LC Circuit: Initial Conditions and Switch

In summary, the conversation discusses an LC circuit with a voltage source, capacitor, and inductor in series. The equation governing the behavior of the system is V_0=\frac{1}{C}q(t)+L\ddot{q}(t), and the initial conditions are discussed. It is fair to assume no charge or current in the system at t=0. The effect of a switch in the system is also considered. The correct approach to solving for the voltage passing through the capacitor is to imagine a RLC circuit and take the limit as R \rightarrow 0. The conversation ends with the realization of a mistake and gratitude for the input.
  • #1
AiRAVATA
173
0
Hello guys. I have a simple question regarding an LC circuit.
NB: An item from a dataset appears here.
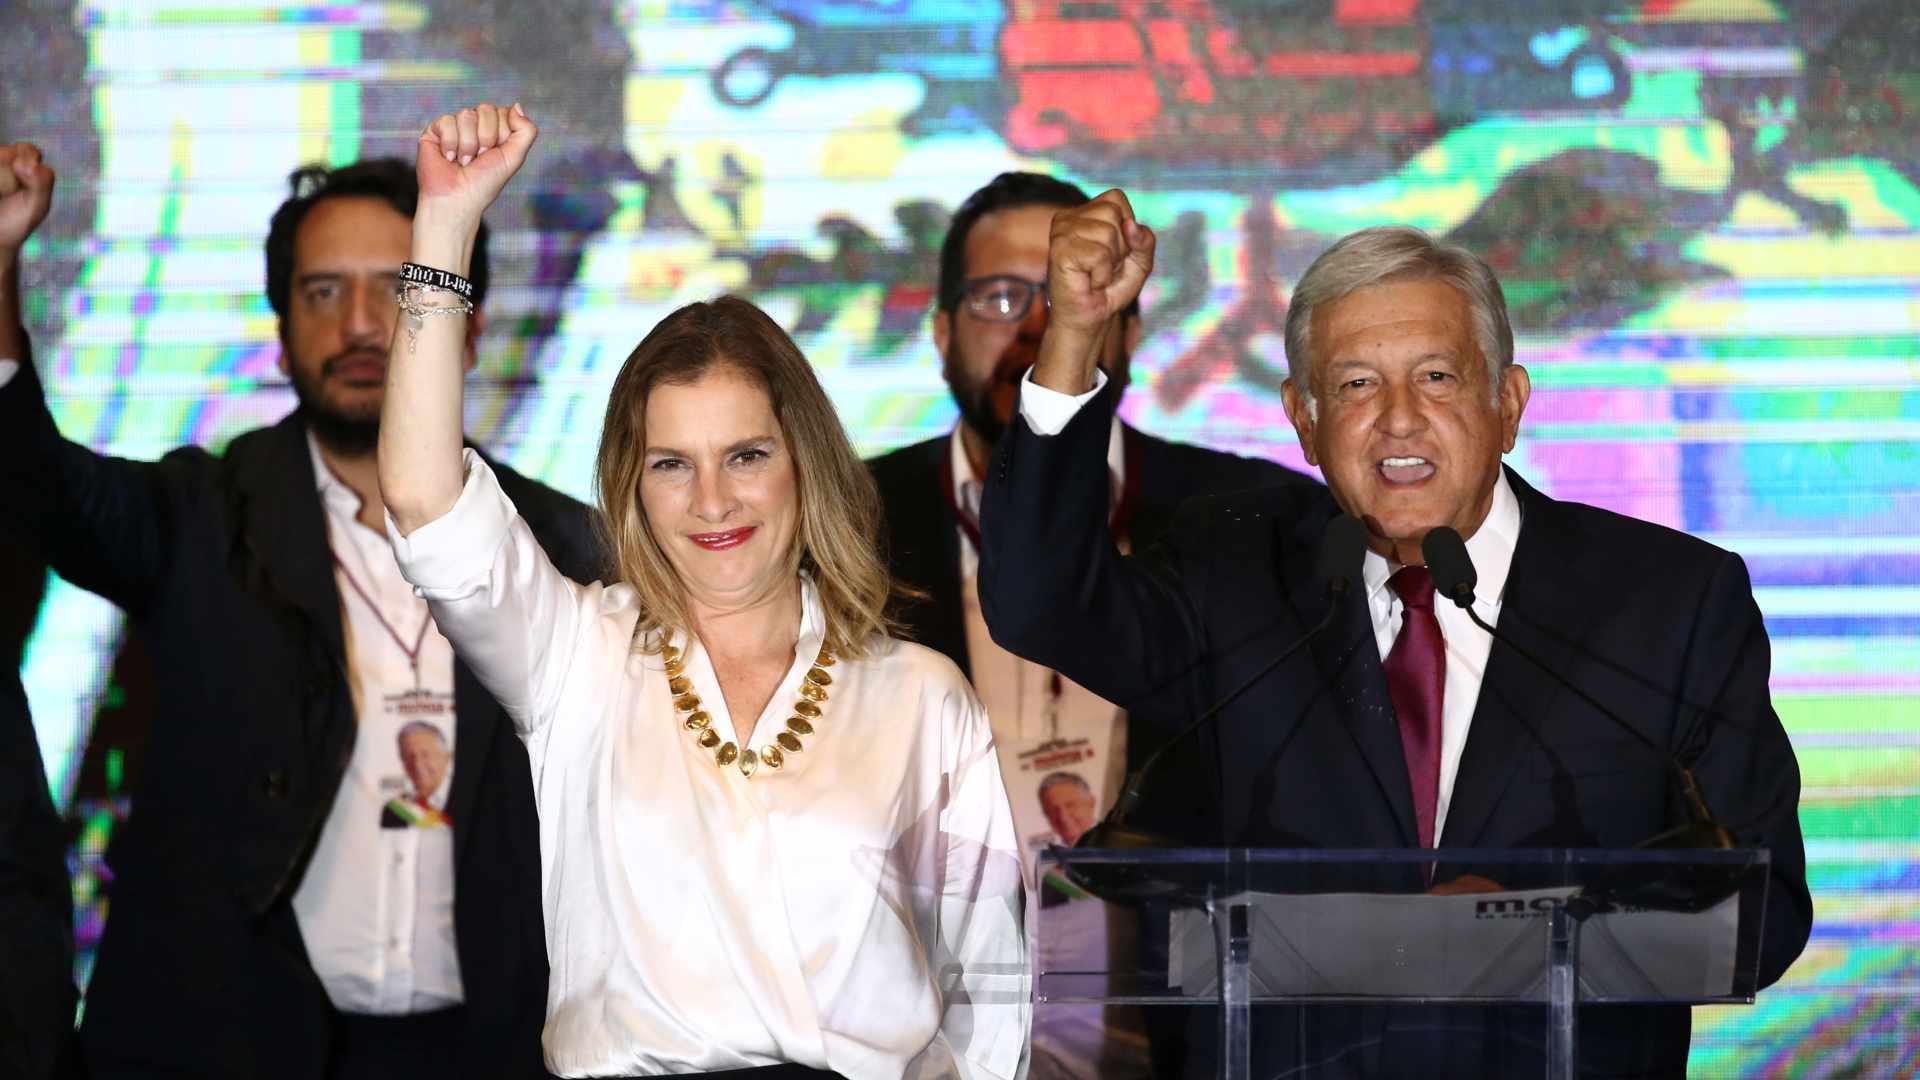 El izquierdista López Obrador gana las elecciones presidenciales en México

Imagine a voltage source [itex]V_0[/itex], a capacitor [itex]C[/itex] and an inductor [itex]L[/itex], all hooked up in series. I know that the equation governing the behvior of the system is

[tex]V_0=\frac{1}{C}q(t)+L\ddot{q}(t),[/tex]

and hence

[tex]q(t)=A\cos \omega t + B\sin \omega t + CV_0.[/tex]

What I'm having trouble with is the initial conditions. Is it fair to assume that in [itex]t=0[/itex] there is no charge nor current in the system?

If I put a switch in the system, how would the initial conditions change (assuming is open in [itex]t=0[/itex] and closed in [itex]t>0[/itex])?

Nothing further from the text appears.